Kabadong-kabado po ako, kasi si Ma'am Lisa ang ka-partner, may kissing scene, at sa CCP Main Theater pa. Sobrang pressure kasi first time to dance with the prima ballerina, tapos boss mo pa (I was so nervous because Ma'am Lisa would be my partner, there would be a kissing scene, and it was to be in the CCP Main Theater. There was so much pressure because it was my first time to dance with the prima ballerina, who also happens to be my boss,” Alfren describes of that nerve-wracking time.

Usually, he says, a dancer would get a month's rehearsal for a new piece like this so that he could get the feel of the role. “Kung anu-ano po ang iniisip ko – kung ano ang gagawin ko, paano 'yung character; 'yung partnering po ang hirap (A lot of things were running through my mind – what I had to do, how to interpret the character; partnering was quite complicated).”

But Alfren can smile now in relief that he managed to surpass the unexpected challenge. “Okay naman po, sa awa ng Diyos. Naka-survive naman po (It turned out well, with God's help. I survived),” he assesses.

In Carmen, Alfren gets to dance as Escamillo. Photo by Ocs Alvarez

He is grateful because he learned a lot from Lisa from that experience – staying true to the character, projecting a range of emotions from sadness to being in love, even helpful tips in partnering.

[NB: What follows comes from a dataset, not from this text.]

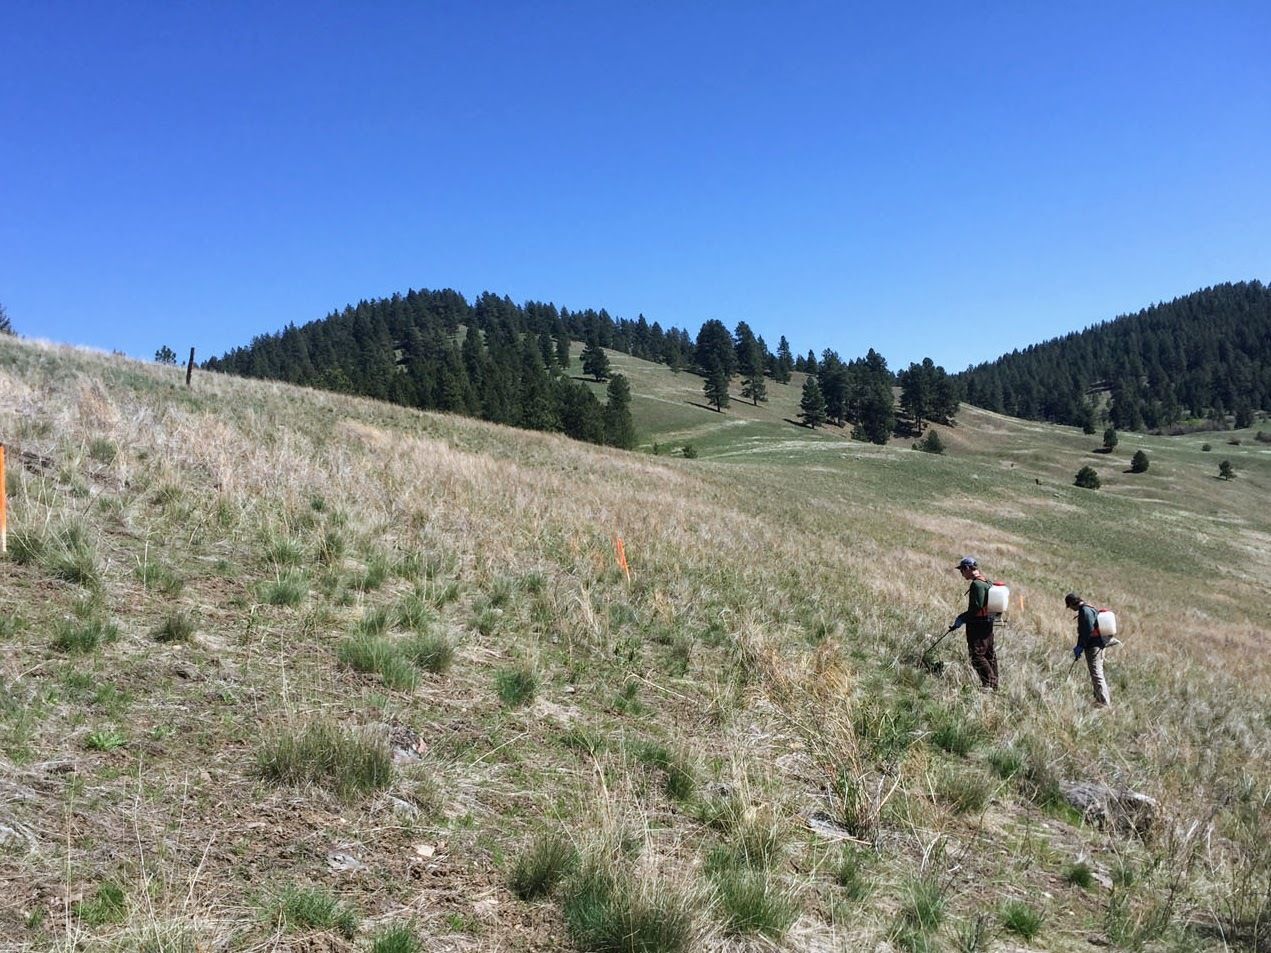 A weeds crew spraying on the hills above Missoula.

Similarly, he enjoyed working with Bam Damian. “Hindi ka lang niya tinuturuan ng steps, pati partnering, pag-express ng sarili. Na hindi ka lang basta ballet dancer sa stage, 'yung pa'no ka maging totoong tao, na natural ang galaw (He doesn't just teach you the steps, but also partnering, expressing yourself. That you are not just a ballet dancer on stage, but also how to become a real person, who moves naturally).”

Dancing the full-length Swan Lake in 2014 made it relatively easy for Alfren to do its Act 2 recently, even with just a day's notice. Photo by D. Trinidad

Recently, another challenge came his way when he was given just a day's notice that he would be doing Act 2 of Swan Lake for The Swan, The Fairy and the Princess because the male lead, Mark Sumaylo, was indisposed. Thankfully, he had danced the full-length version with the same partner, Abigail Oliveiro, two years ago. So his body and mind were able to adapt quite easily, with him recalling what he had done before. “Puwede palang biglaan, kasi naaalala mo na (I realized it could be done instantly, because you're able to remember it),” he claims.

Nothing about ballet is easy, Alfren admits. What may appear effortless onstage takes countless hours in the studio, honing one's body to be able to execute precise movements or a complicated series of steps. Though he says he gets physically tired, it has never gotten to the point that he thought of quitting.

Alfren will be seen next in Cinderella, a new Ballet Manila production that uses the choreography of Lisa Macuja-Elizalde and Osias Barroso.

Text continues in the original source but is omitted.